The benchmark suite has been migrated from standalone scripts to a **pytest-benchmark** suite under `benchmarks/`:

```bash
# Run all benchmarks
uv run pytest --benchmark-enable

# Run only IIR benchmarks
uv run pytest benchmarks/test_iir_bench.py --benchmark-enable

# Run only FIR benchmarks
uv run pytest benchmarks/test_fir_bench.py --benchmark-enable
```

Each benchmark compares **five backends**: TorchFX GPU (CUDA), TorchFX CPU, SciPy, Numba `@njit` (CPU), and Numba `@cuda.jit` (GPU), across signal durations from 1 to 300 seconds and varying channel counts / filter orders.

## Bug Fixes

- Fixed native extension being unreachable on CPU-only machines due to an overly strict `torch.cuda.is_available()` gate in `_ops.py`.
- Fixed segfault in the CUDA biquad kernel caused by dereferencing a device pointer on the host.

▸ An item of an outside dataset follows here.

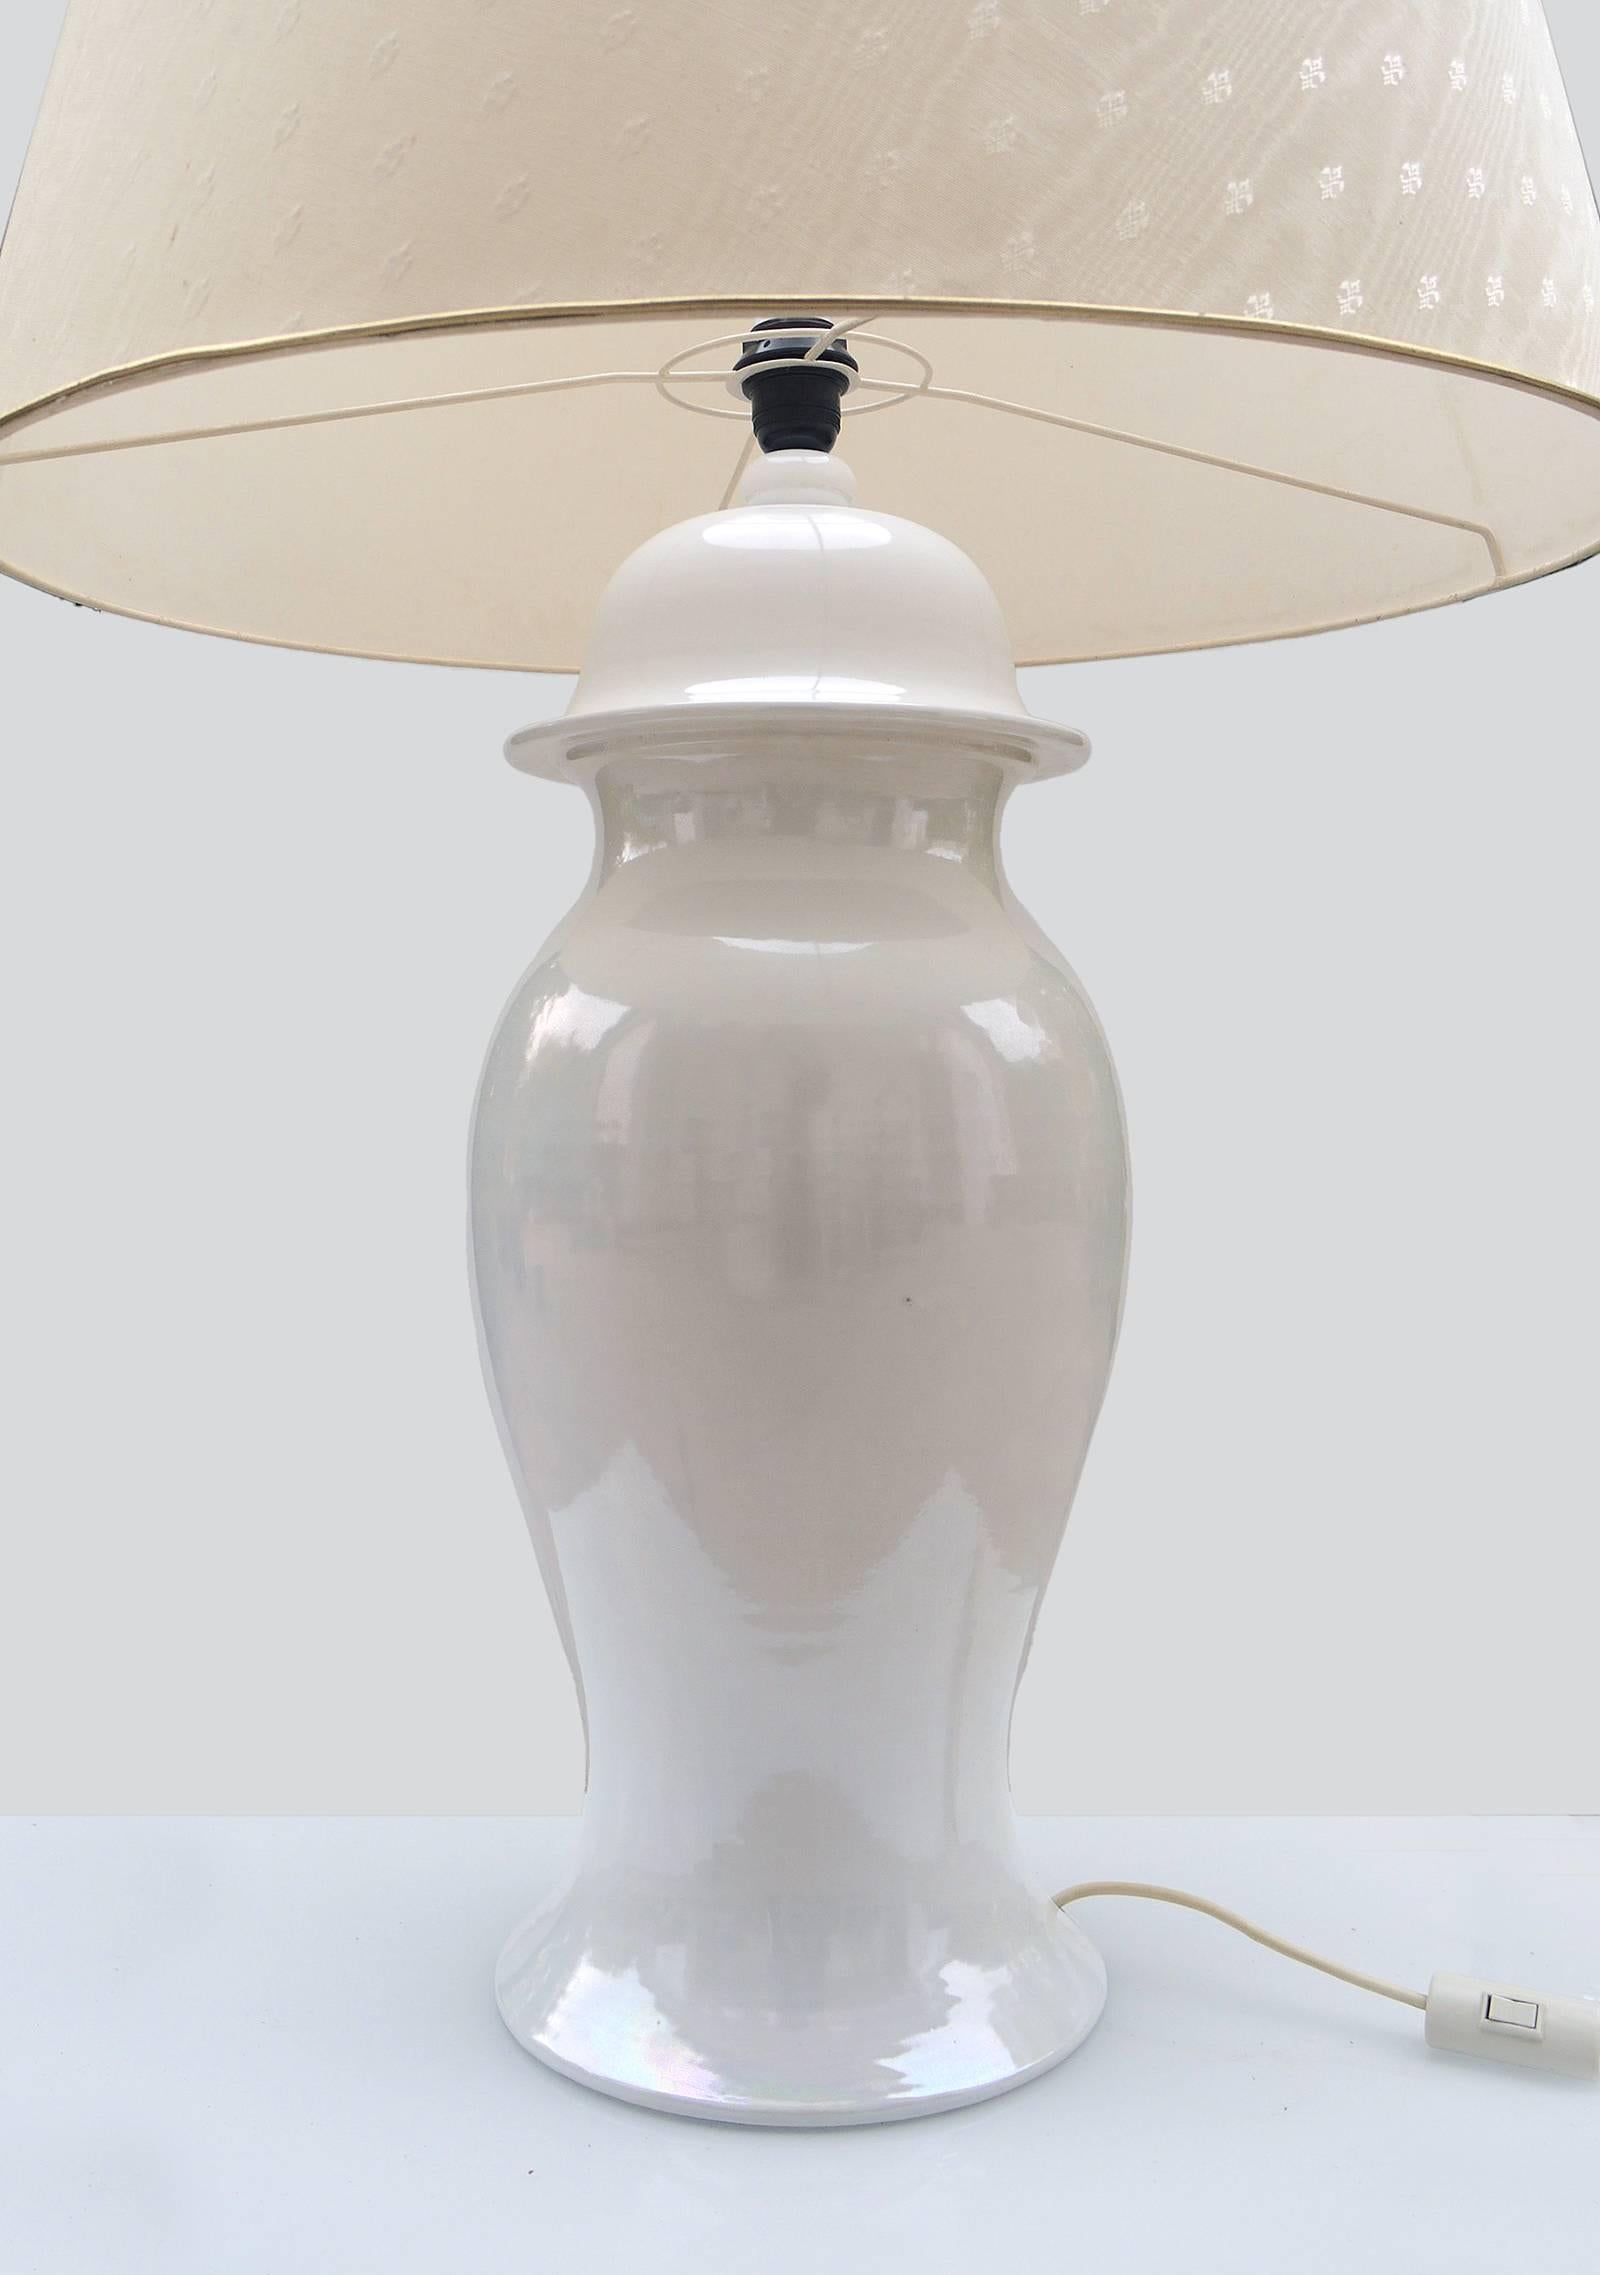 Elegante seltene, riesige Tommaso Barbi Ingwer Glas Keramik Lampe in Italien in den 1960er Jahren gemacht. Elfenbeinfarbener Keramiksockel, originaler Stoffschirm mit Emblem-Muster. Signiert am Sockel. 
 
Maße: Höhe mit Schirm 41.3

## Benchmark Results (RTX 6000)

Here's a snapshot from our CI benchmarks on a Quadro RTX 6000 (24 GB):

| Backend | 300s / order 12 IIR | Relative |
|---------|--------------------:|----------|
| **TorchFX GPU** | **550 ms** | 1.0x |
| TorchFX CPU | 1,086 ms | 2.0x slower |
| Numba `@njit` CPU | TBD | -- |
| SciPy | 5,428 ms | 9.9x slower |
| Numba `@cuda.jit` | 12,957 ms | 23.6x slower |

The GPU kernel maintains sub-millisecond standard deviation, making it suitable for latency-sensitive workloads.

## Installation

```bash
pip install torchfx
```

The native extension compiles automatically on first import. Ensure you have:
- **GCC >= 9** (or equivalent C++17 compiler)
- **PyTorch >= 2.0** with matching CUDA toolkit (for GPU kernels)
- `setuptools` (now a runtime dependency, required by `torch.utils.cpp_extension`)

For CPU-only builds:

```bash
TORCHFX_NO_CUDA=1 pip install torchfx
```

## What's Next

With the performance foundation in place, we're turning our attention to:

- Additional effects: compressor, phaser, pitch shift
- Batch processing optimizations for the CLI pipeline
- v1.0.0 release candidate with API stability guarantees

> Benchmarks where run on a Quadro RTX 6000 (24 GB) with CUDA 12.1 and PyTorch 2.10.0. Performance may vary based on hardware and software configuration. Always benchmark on your target system for best results.